Question

(b) A car starts from rest and travels upwards along a straight road inclined at an angle of
5,0°
+
The length of the road is 450 m and the car has mass 800 kg. The speed of the car
increases at a constant rate and is 28 ms- at the top of the slope.
(i) Determine, for this car travelling up the slope,
1. its acceleration,​

Answer 1

Given:

A car starts from rest and travels upwards along a straight road inclined at an angle of

5°. The length of the road is 450 m and the mass of car is 800 kg. The speed of the car

increases at a constant rate and is 28 ms- at the top of the slope.

To find:

Net acceleration of the car

Calculation:

Let net acceleration of car be a ;

Since acceleration is constant, we can easily applied the equation of kinematics to solve this type of problems.

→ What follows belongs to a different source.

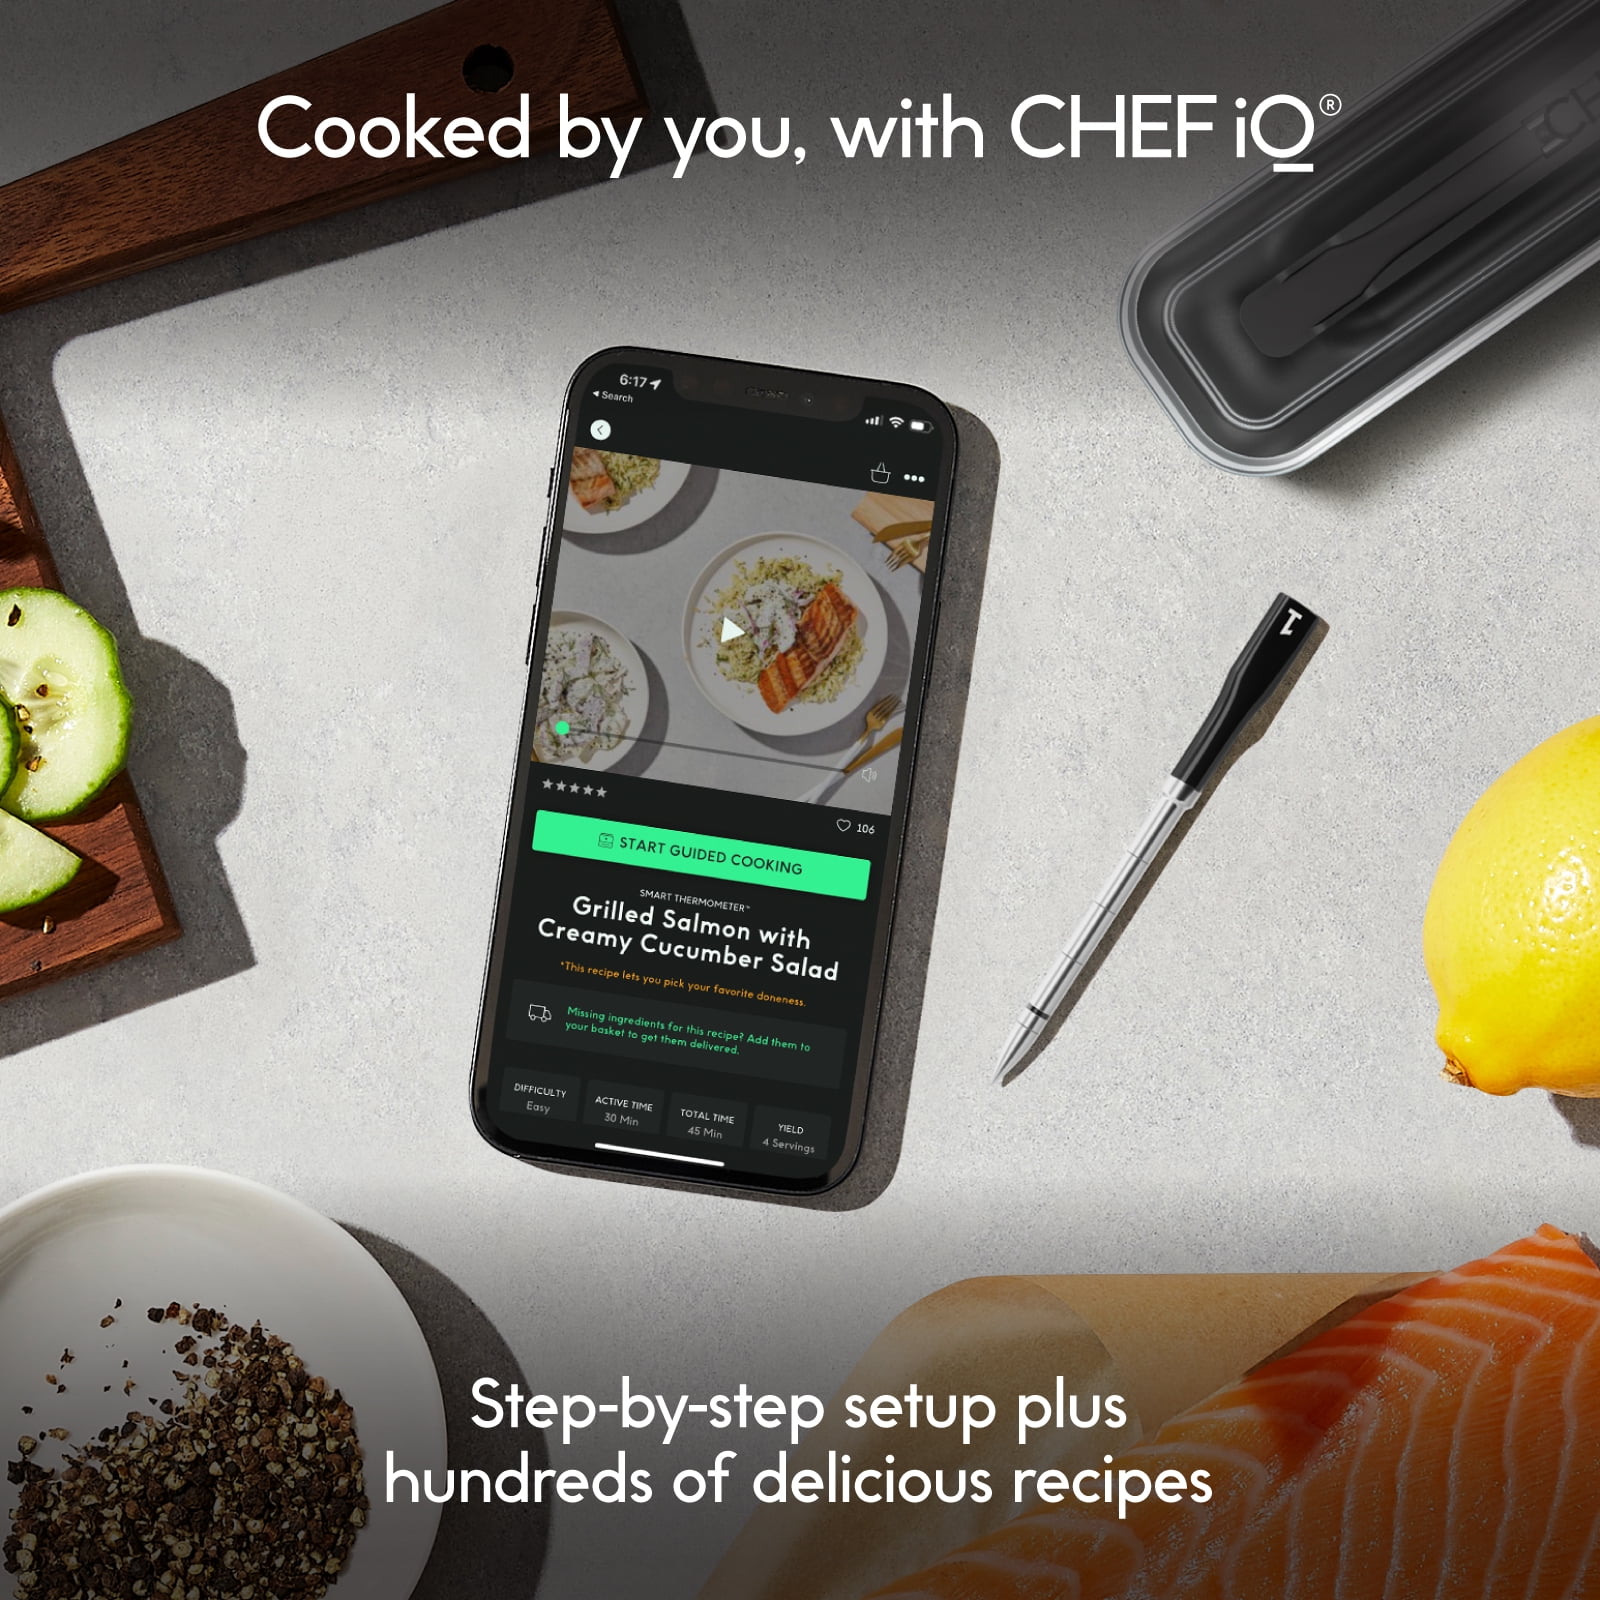  Chef iQ Smart Thermometer Add-on No. 3, Bluetooth/WiFi Enabled,  Allows Monitoring of Two Foods at Once, for Grill, Oven, Smoker, Air Fryer,  Stove, Must Be Used with Hub (Sold Separately): Home

$\therefore \: {v}^{2} = {u}^{2} + 2as$

$= > {(28)}^{2} = {(0)}^{2} +( 2 \times a \times 450)$

$= > {(28)}^{2} = 2 \times a \times 450$

$= > \: 900a = 784$

$= > a = \dfrac{784}{900}$

$= > \: a = 0.87 \: m {s}^{ - 2}$

So, final answer is:

$\boxed{ \large{ \bold{\: a = 0.87 \: m {s}^{ - 2} }}}$

To Note:

• Net acceleration in this case is different from applied acceleration because net acceleration is obtained by subtracting the weight component [ $g\sin(\theta)$ ] from applied acceleration.